Meanwhile, German Chancellor Friedrich Merz welcomed the deal, saying it "successfully preserved our core interests," although he expressed a desire for more relief in transatlantic trade. French and Hungarian leaders, however, criticised the agreement as too one-sided. A Belgian official noted, "Trump ate von der Leyen for breakfast," sparking debate across European markets. The European Commission now needs to formally present the framework to both EU member states and the European Parliament, where approval from both is necessary through the ordinary legislative process. On Monday, ECB policymaker Peter Kazimir stated there is "no significant change" prompting action in September, emphasising that only "clear signs of deterioration in the labour market" would influence a move. Kazimir also mentioned that while the US-EU trade deal has lessened uncertainty, its effects on inflation are still uncertain. France condemned the decision on Monday, calling it a "dark day" for Europe. They argued that the bloc had surrendered to US President Donald Trump by agreeing to an unbalanced deal that included a headline 15% tariff on EU goods.

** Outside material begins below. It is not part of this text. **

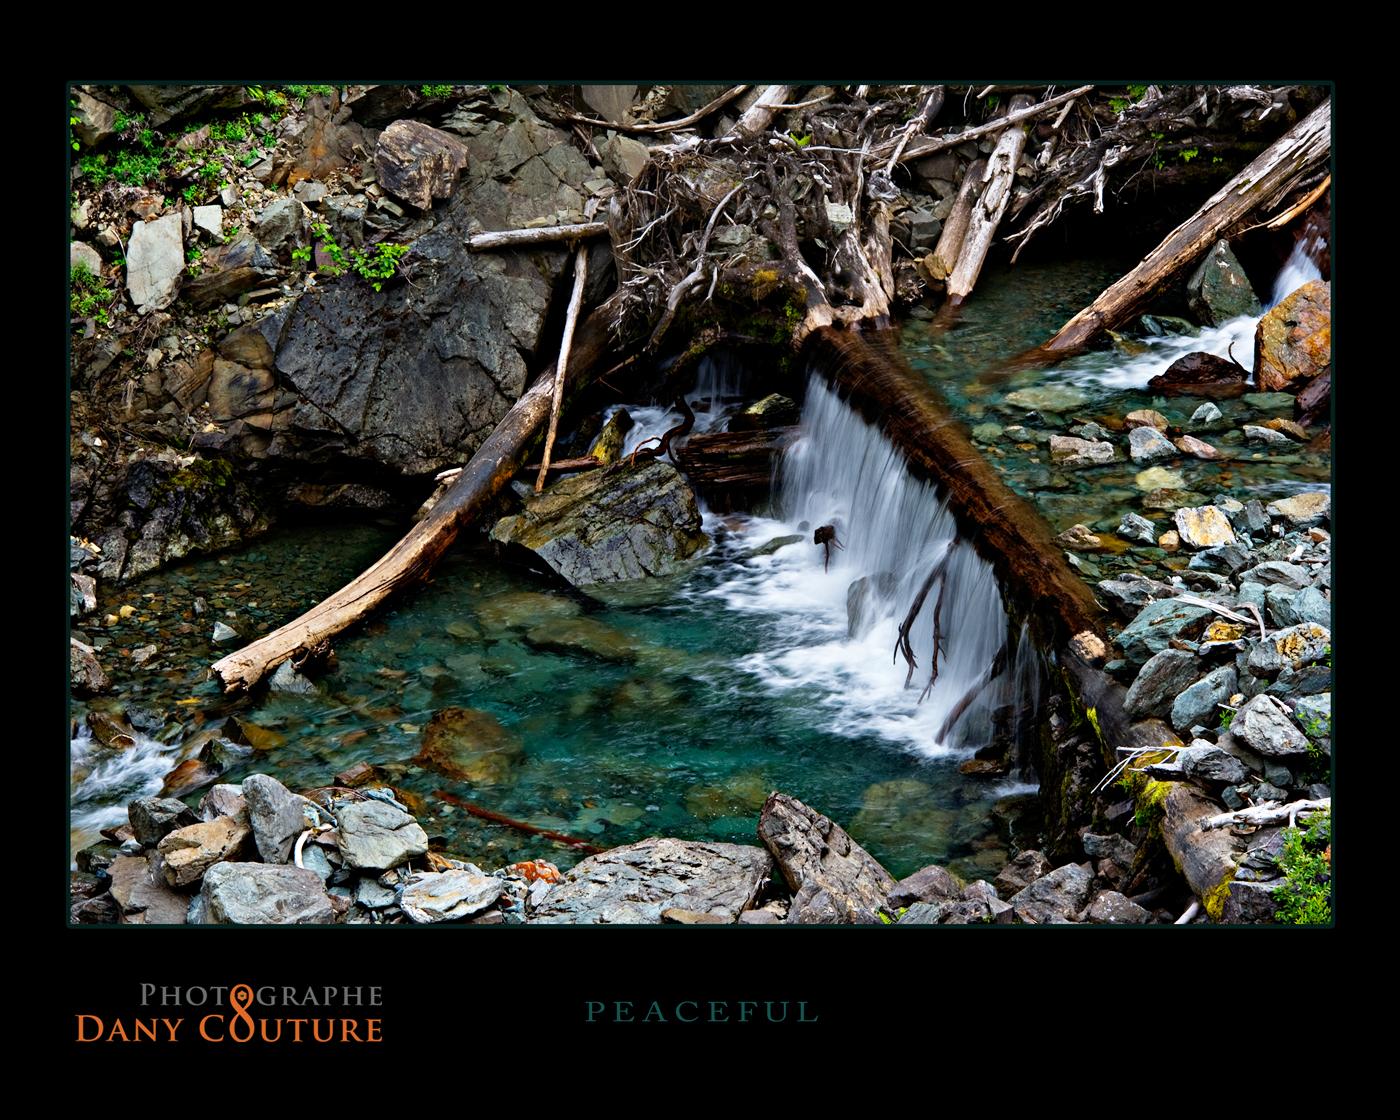 Peaceful©DC

On the other hand, investors await the Federal Reserve's (Fed) monetary policy announcement and Fed Chair Jerome Powell's remarks at the post-meeting press conference for fresh insights on the central bank's policy outlook. Meanwhile, US President Donald Trump set a new deadline of 10 to 12 days for Russia to advance toward ending the war in Ukraine. He warned of harsh sanctions if Russia did not act and stated that his administration would impose 100% secondary tariffs on countries that continue to buy Russian exports. Trump also announced via social media on Monday that trade negotiations with Cambodia and Thailand would resume after both nations ended a five-day conflict along their disputed border. "By ending this war, we have saved thousands of lives," Trump said. "I have instructed my Trade Team to restart negotiations on trade." On the data front, the Job Openings and Labour Turnover Survey (JOLTS) is expected to show that openings decreased from 7.769 million to 7.55 million. Additionally, the Gross Domestic Product (GDP) for Q2 is projected to rise from -0.5% to 2.4% on a quarter-on-quarter basis. The Fed's Core Personal Consumption Expenditures (PCE) Price Index is forecast to remain steady at 2.7% year-on-year.

Besides the Fed's interest rate decision, US labour market data, eurozone retail sales, and HCOB Manufacturing PMI figures will also influence the EUR/USD exchange rate.